Top of SOURCE DATA

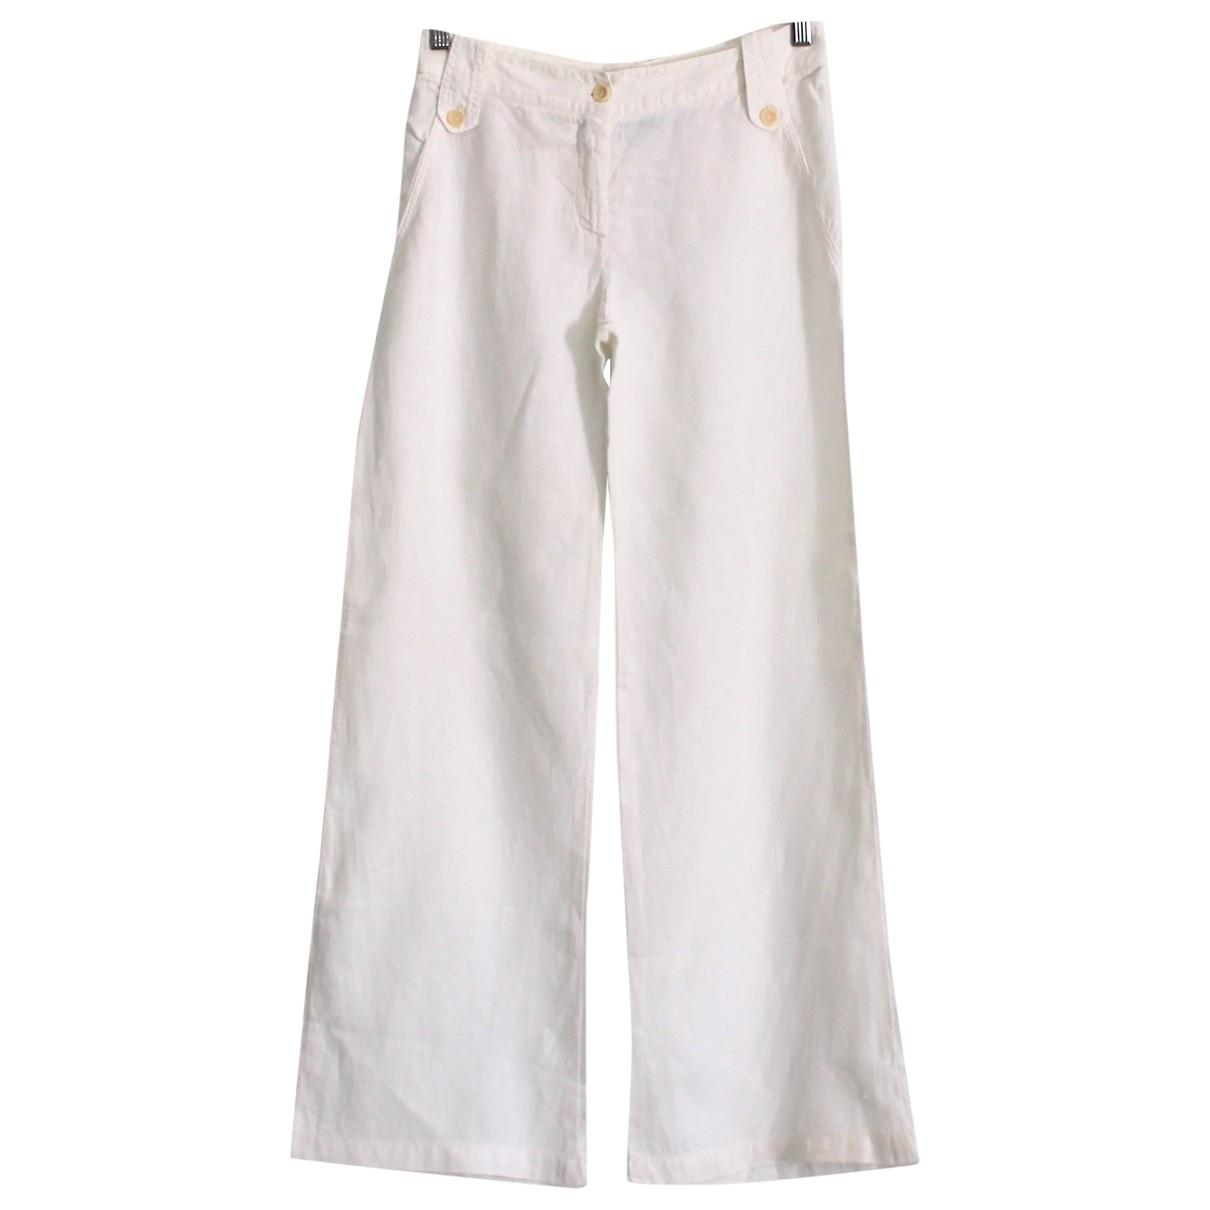 Patrizia Pepe \N White Cotton Trousers for Women 42 IT
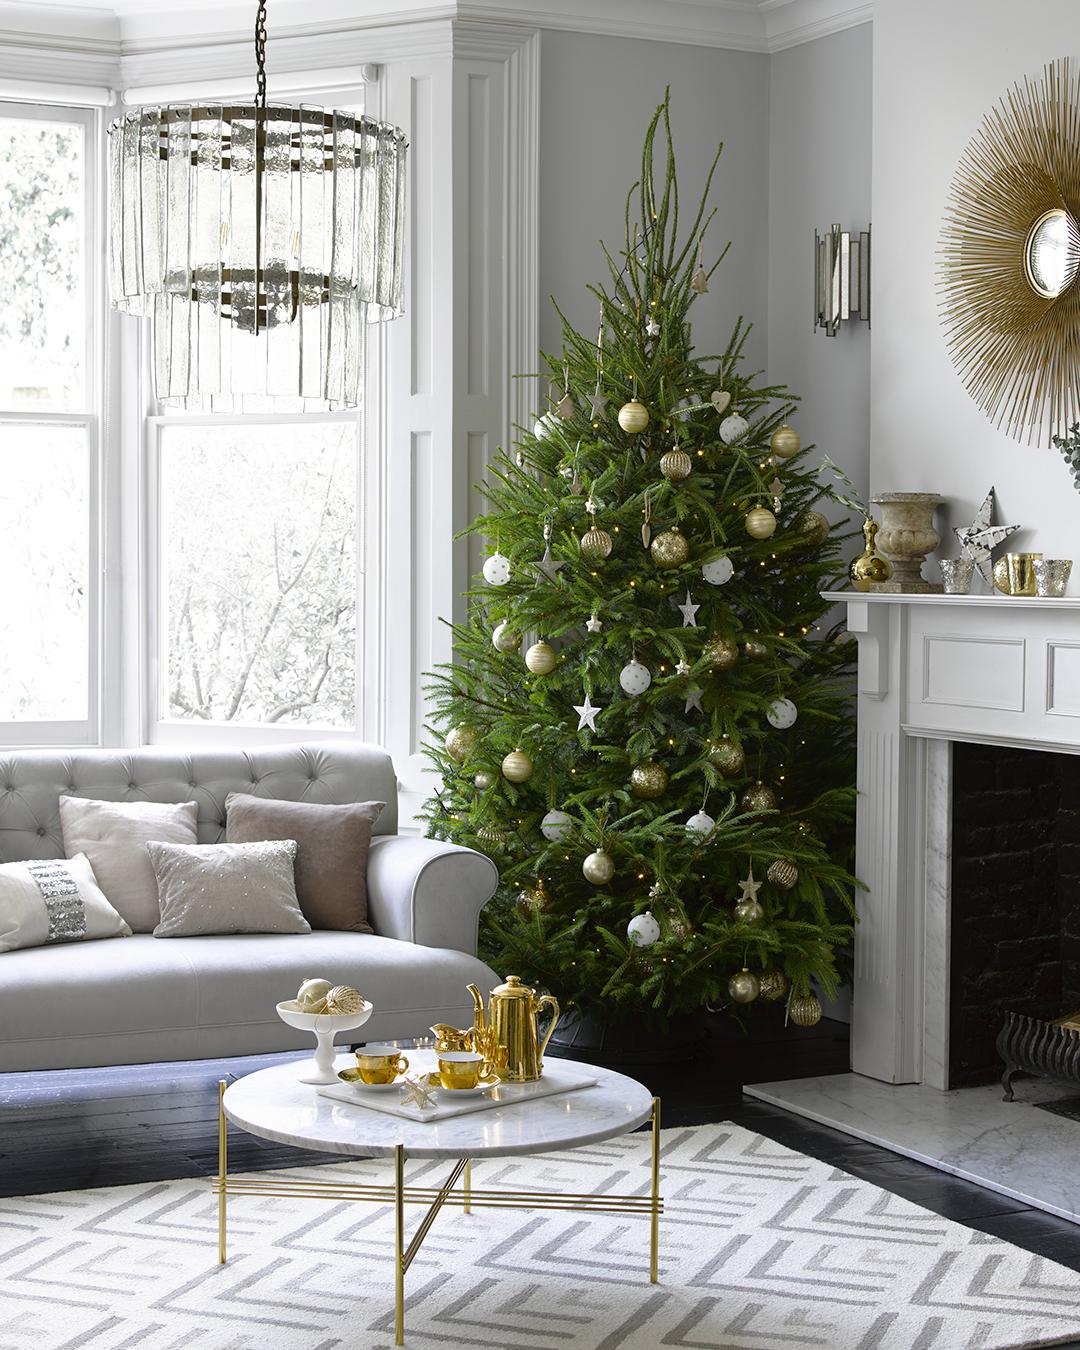 Willow & Hall Christmas living room
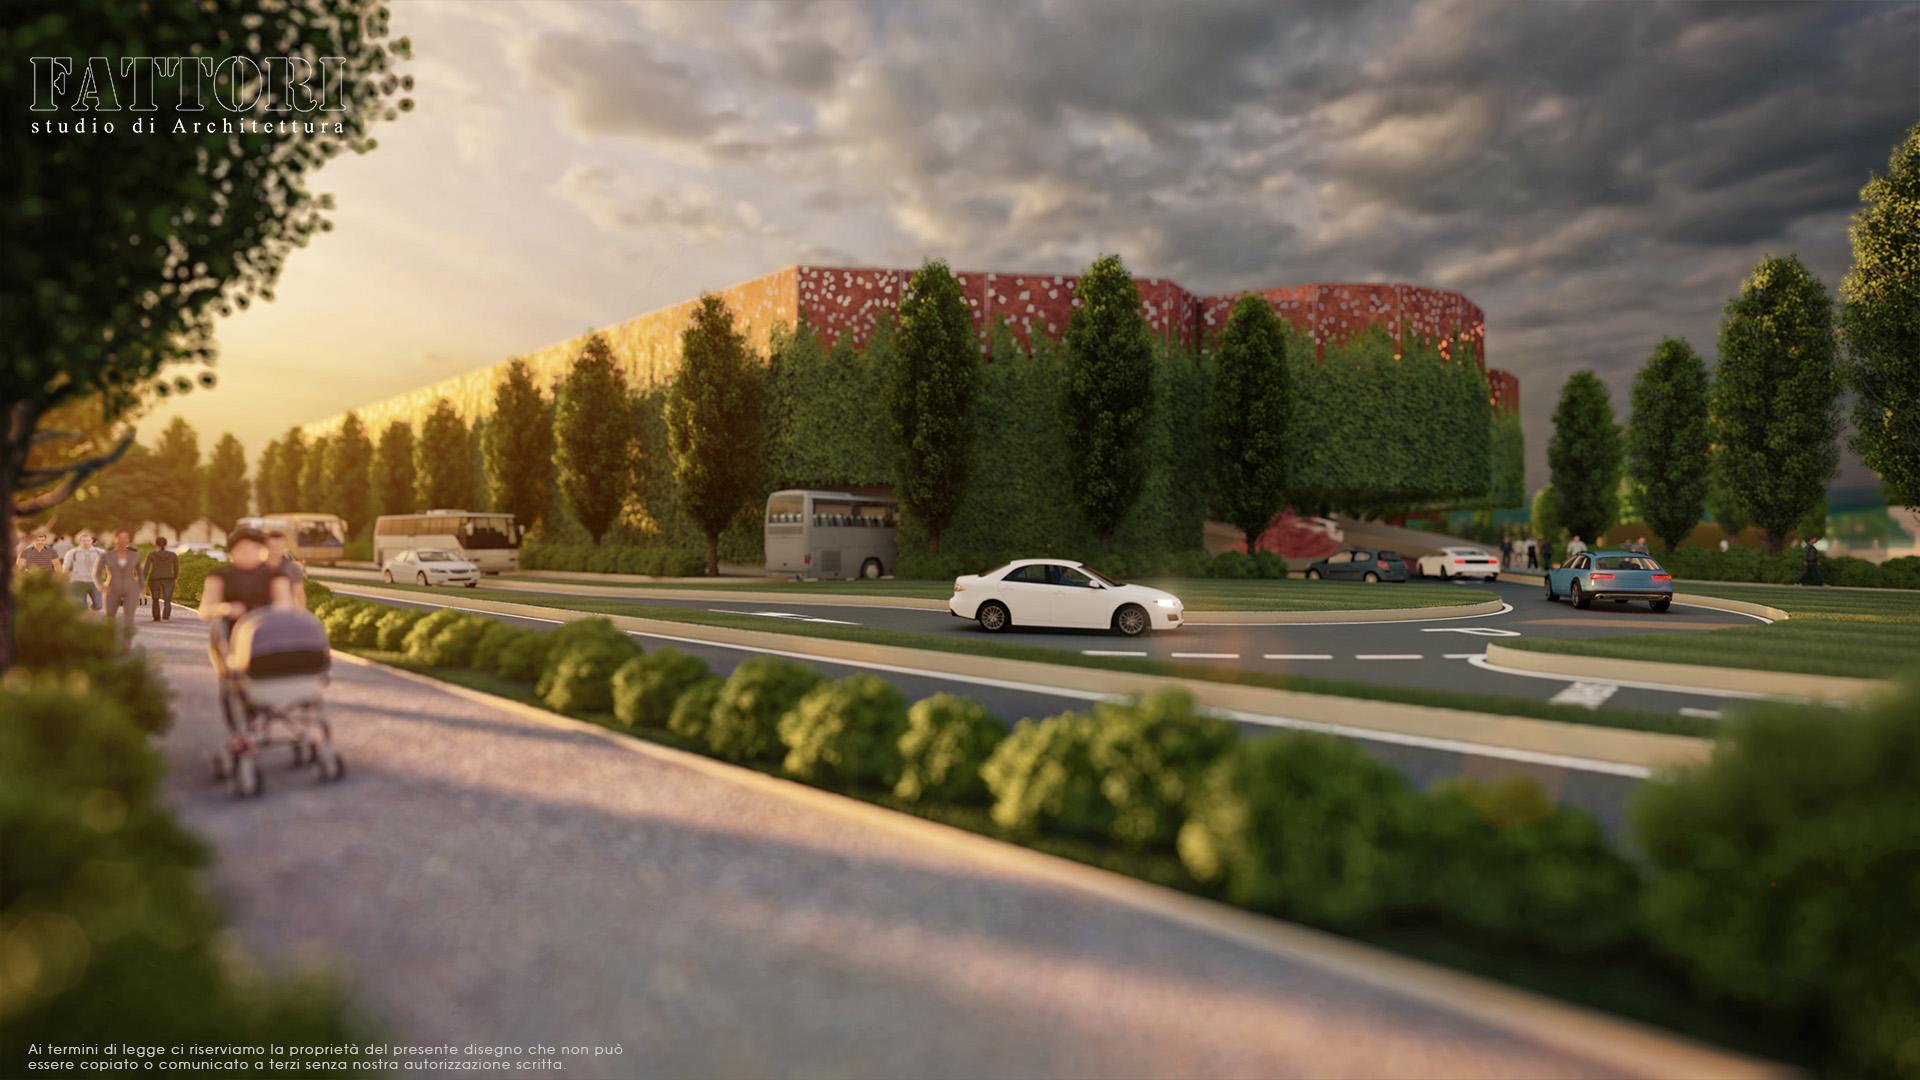 Studio di Architettura Fattori Fausto - Parcheggio Sirmione Multipiano Progetto 3

Bottom of SOURCE DATA

- [BRIEF]:
Leaving all pictures aside, print exactly the lines from the one that contains "Willow & Hall Christmas living room" through the last line of the data above, inclusive.

- [OUTPUT OF THE EXERCISE]:
 Willow & Hall Christmas living room
 Studio di Architettura Fattori Fausto - Parcheggio Sirmione Multipiano Progetto 3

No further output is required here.